Her father opened his own business, the Thomas Kay Woolen Mill, in Salem in 1889. Fannie was assistant to her father in mill operation and management. However, when he died, his will left the business to his son, Thomas. Her inheritance was financial, but cut her out of the business to which she has contributed her energy and talent. She and her husband continued to live in Salem. C. P. Bishop personally operated Bishop’s, a fine men’s clothing store, for many years. He became mayor of Salem in 1898, serving four years.
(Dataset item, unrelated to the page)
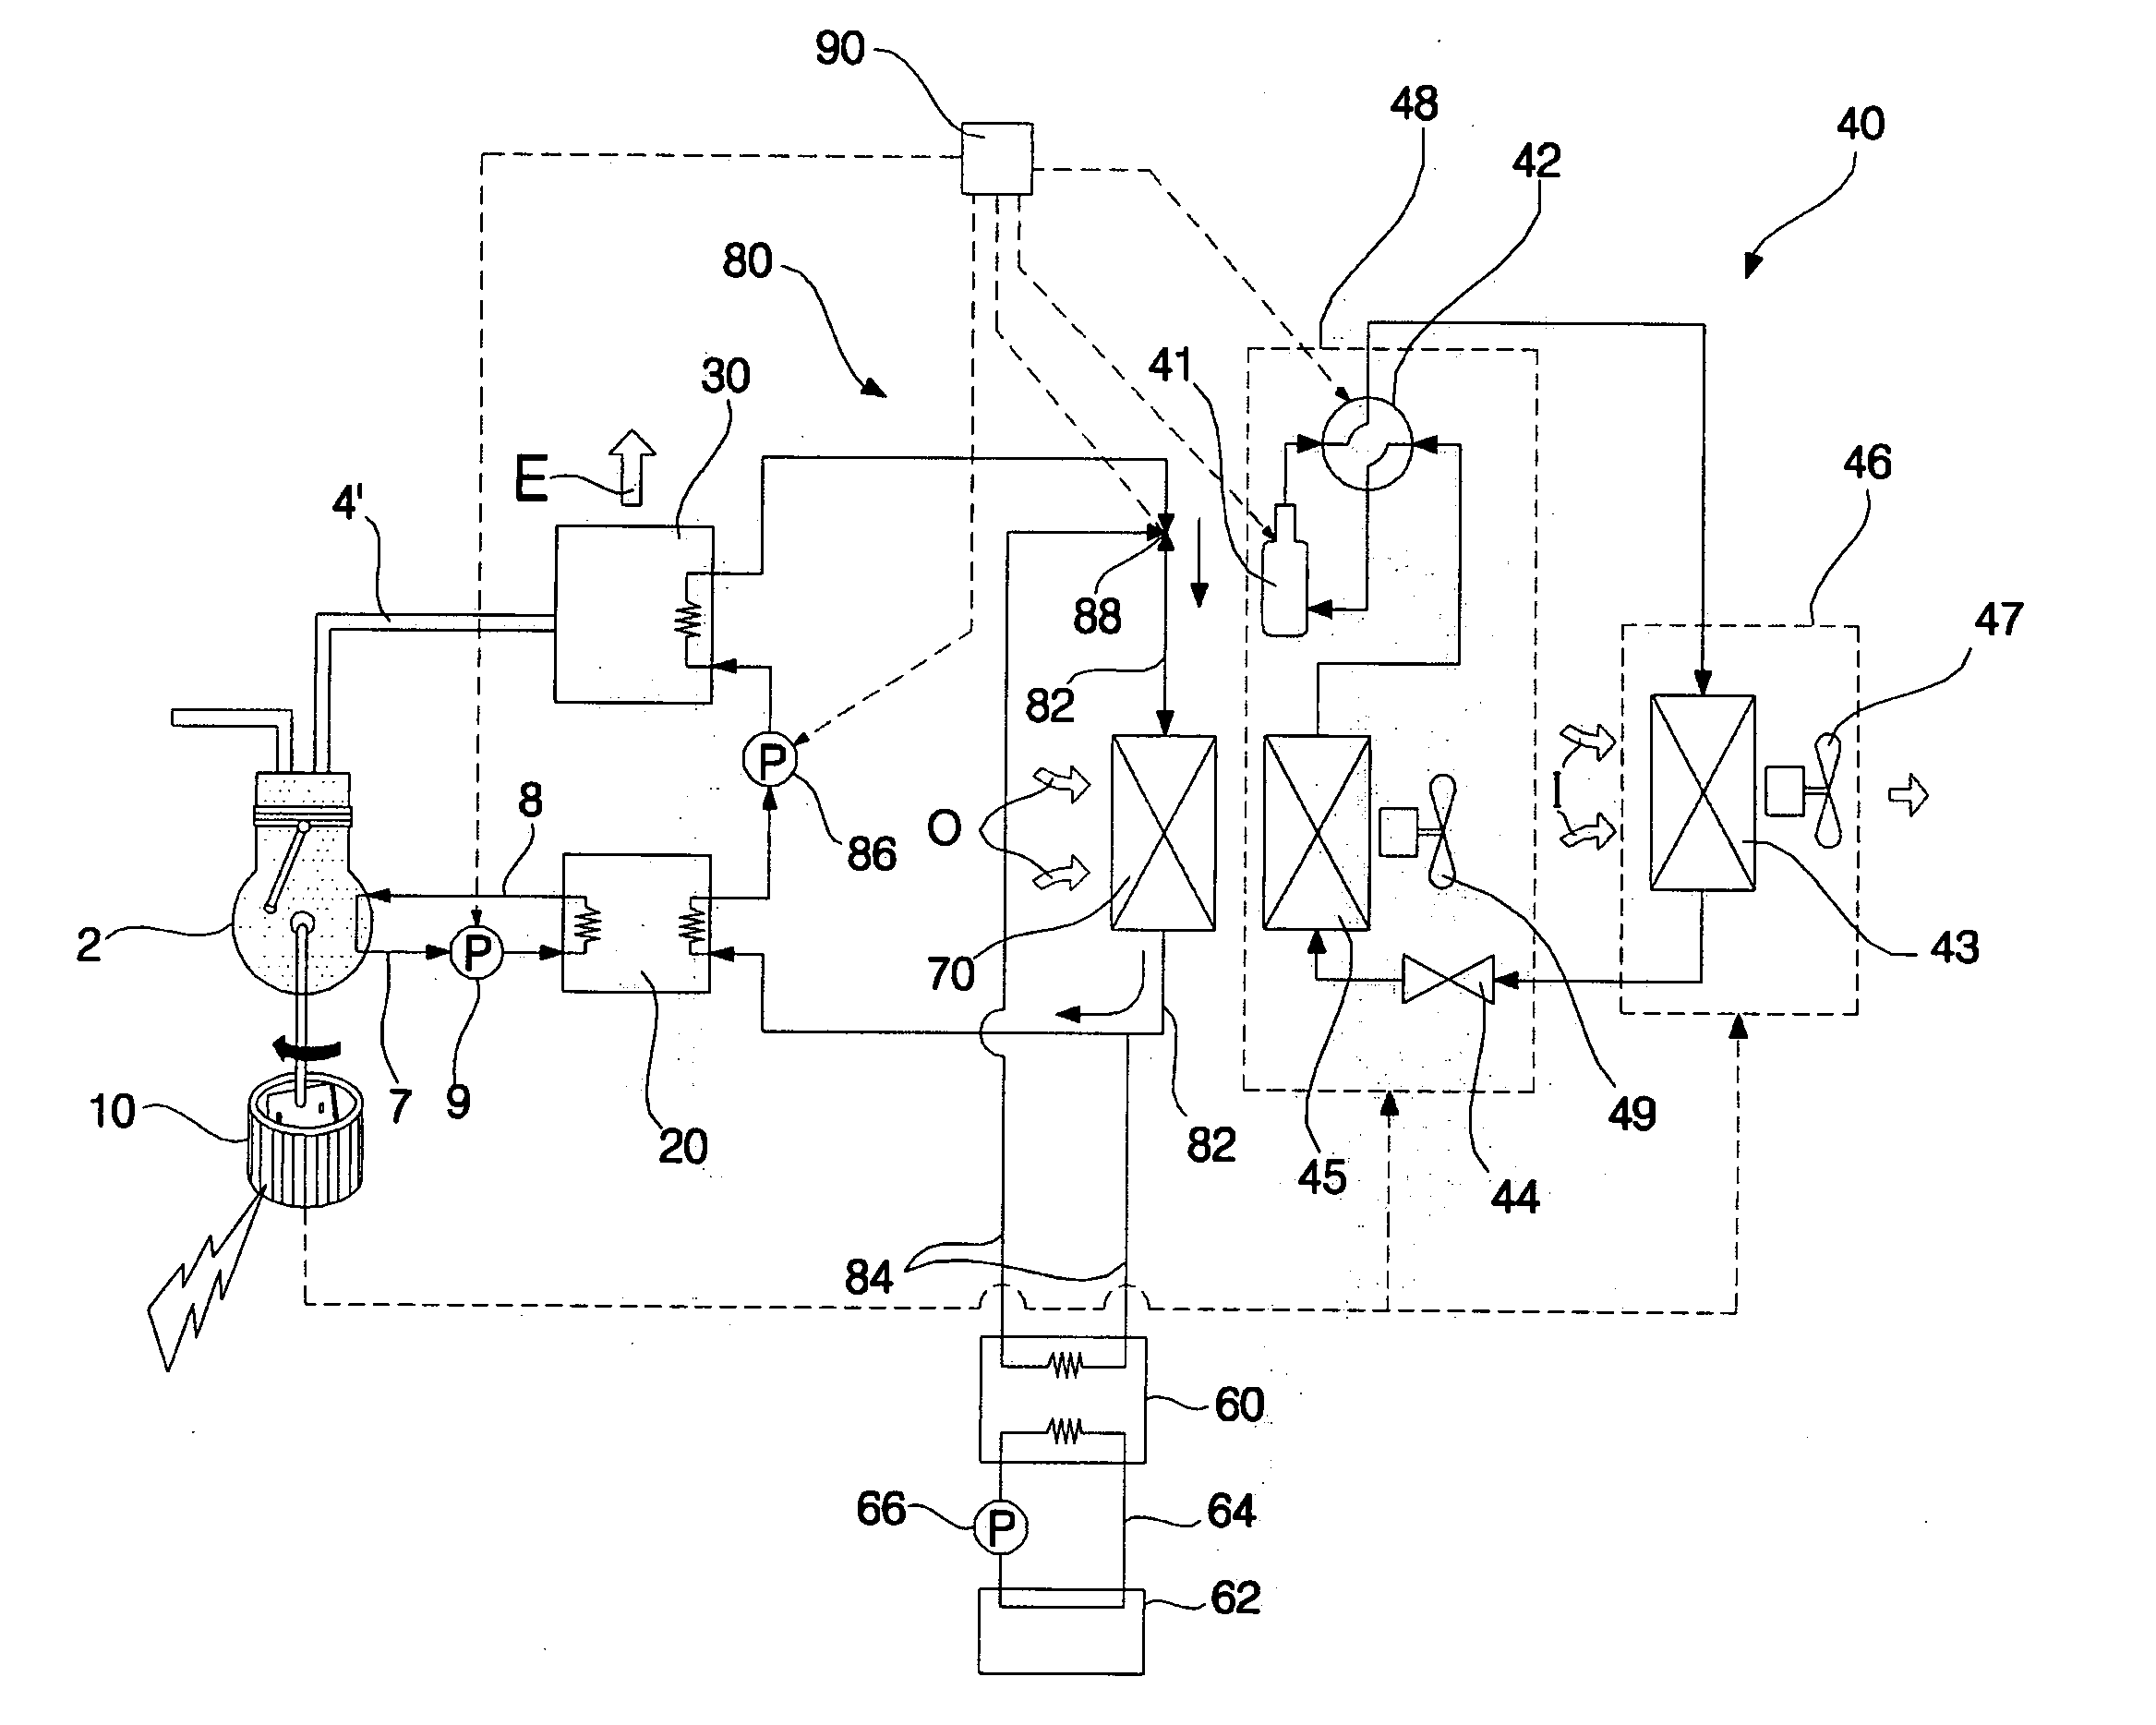 Electricity generating and air conditioning system with water heater

In 1905, Fannie returned to the business she so loved: with her husband and sons, the family purchased the Pendleton Woolen Mills. Together they redirected the mill to specialize in blankets using Native American designs as motif. Their business became an international success while her father’s mill suffered from a declining market for their products after World War II and closed in 1962.
Fannie and her husband were also active in local and state political life. Charles Bishop was a State Senator from 1915 to 1917. Fannie ran for the state legislature in 1922. From the voters guide we read: “Mrs. Fannie Bishop has been a genuine factor in the civic affairs of Salem for many years and is well known throughout Marion County in her own right aside from the circumstances that ex-Senator C. P. Bishop is her husband and Representative Thomas B. Kay is her brother. She has her brother’s facility for concise expression in public. We doubt whether any family has done more for the development of industry in Oregon than that which Mrs. Bishop is the alert and clear-headed center. She was one of the organizers of the original Salem Women’s Club and the Republican Study Club, and attended the 1924 National Republican Convention. ” Fannie was not successful in her campaign for public office. However, she continued to be an active leader in Salem’s business and social community. She died in 1944.
Did these two ladies, living only a few blocks away from each other, become friends? Or were their personalities, both developed by their fathers, so different that they had little in common? They would have been acquaintances, at least, in the same Salem of that era, but one imagines the unmarried, very private Sally might have enjoyed quite a different life-style and social circle from the mother, businesswoman and public figure Fannie became. We honor both for their contributions to the Salem we know today.